> _TASK INSTRUCTIONS_
Write down exactly the lines from the one below that has "Little Brags Guest" to the end of the data, both ends included; the pictures should not appear in your copy.

> _SOURCE DATA_

***

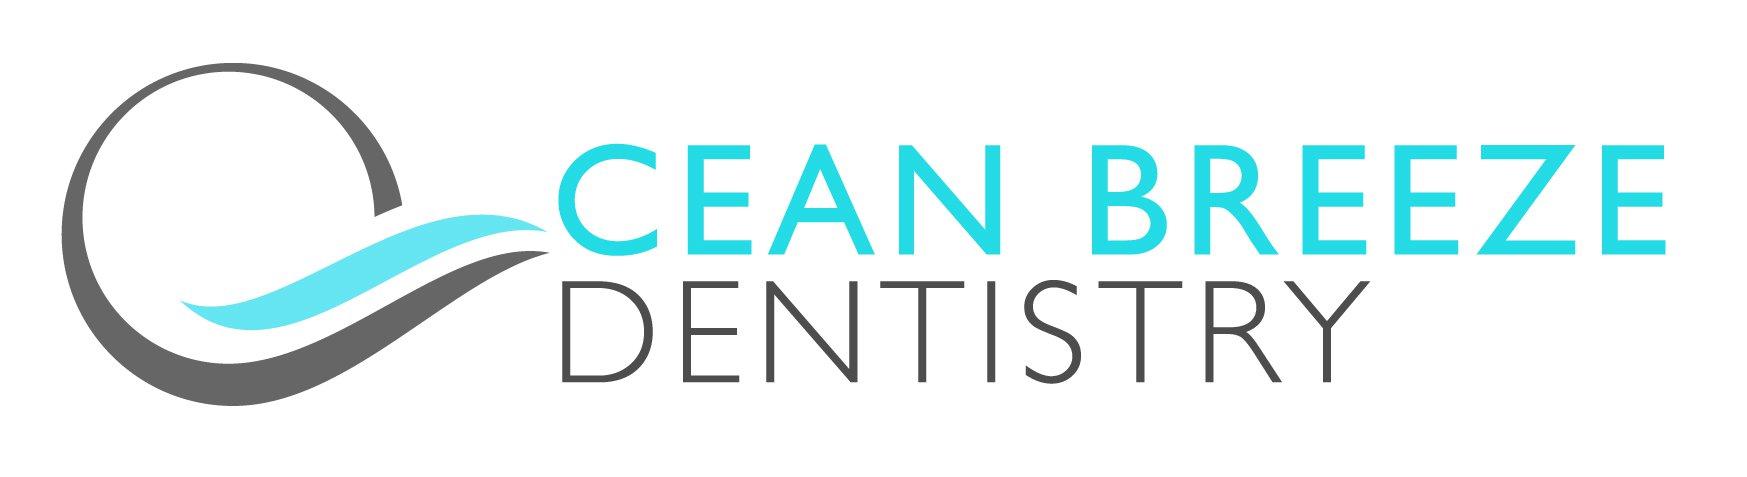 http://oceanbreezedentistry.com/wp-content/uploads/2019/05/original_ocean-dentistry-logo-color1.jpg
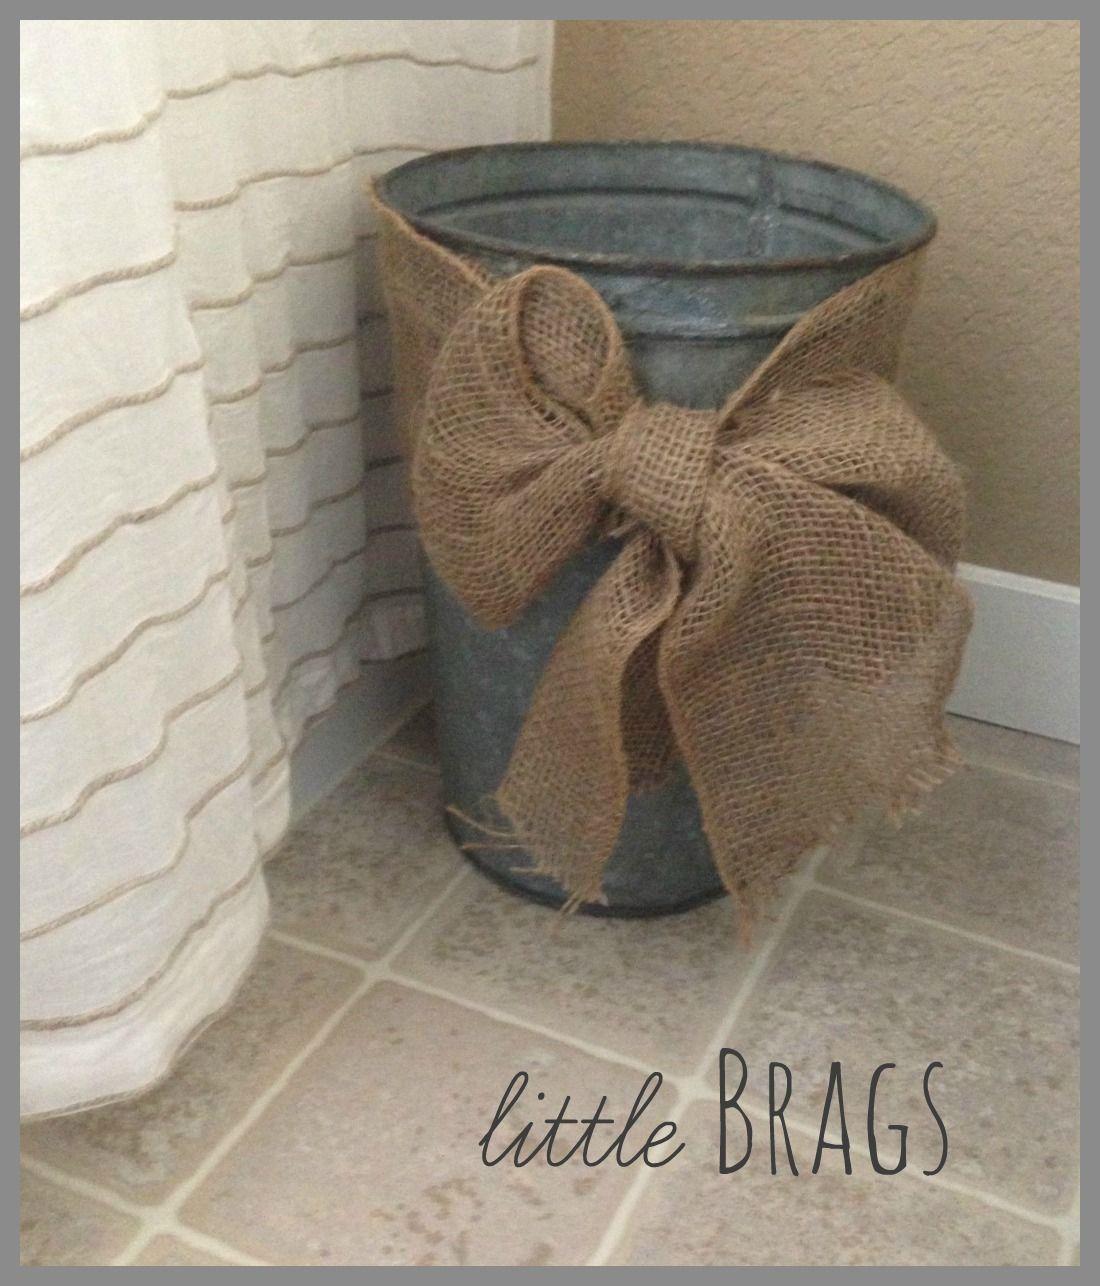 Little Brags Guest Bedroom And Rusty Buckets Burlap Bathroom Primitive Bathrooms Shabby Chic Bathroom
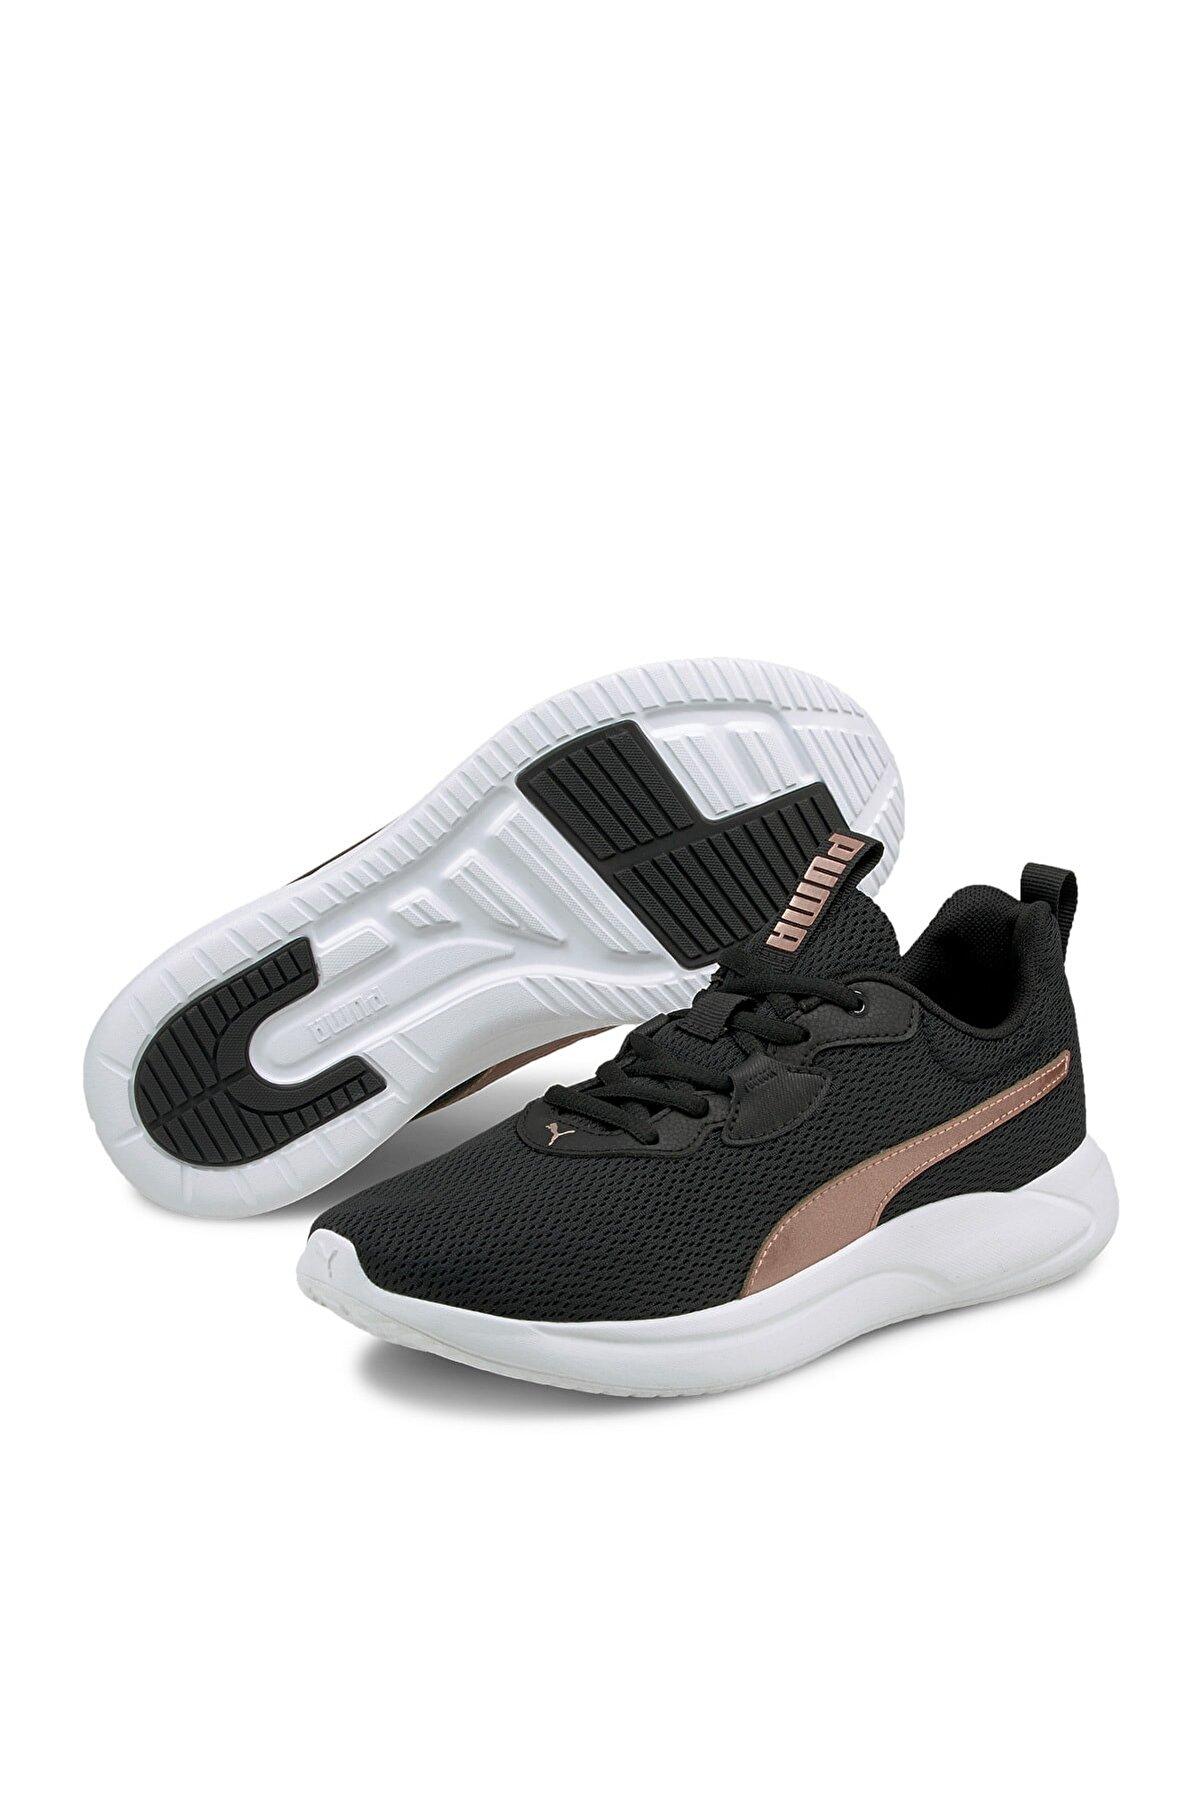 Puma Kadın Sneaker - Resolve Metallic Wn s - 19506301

***

> _REPLY TO THE TASK_
 Little Brags Guest Bedroom And Rusty Buckets Burlap Bathroom Primitive Bathrooms Shabby Chic Bathroom
 Puma Kadın Sneaker - Resolve Metallic Wn s - 19506301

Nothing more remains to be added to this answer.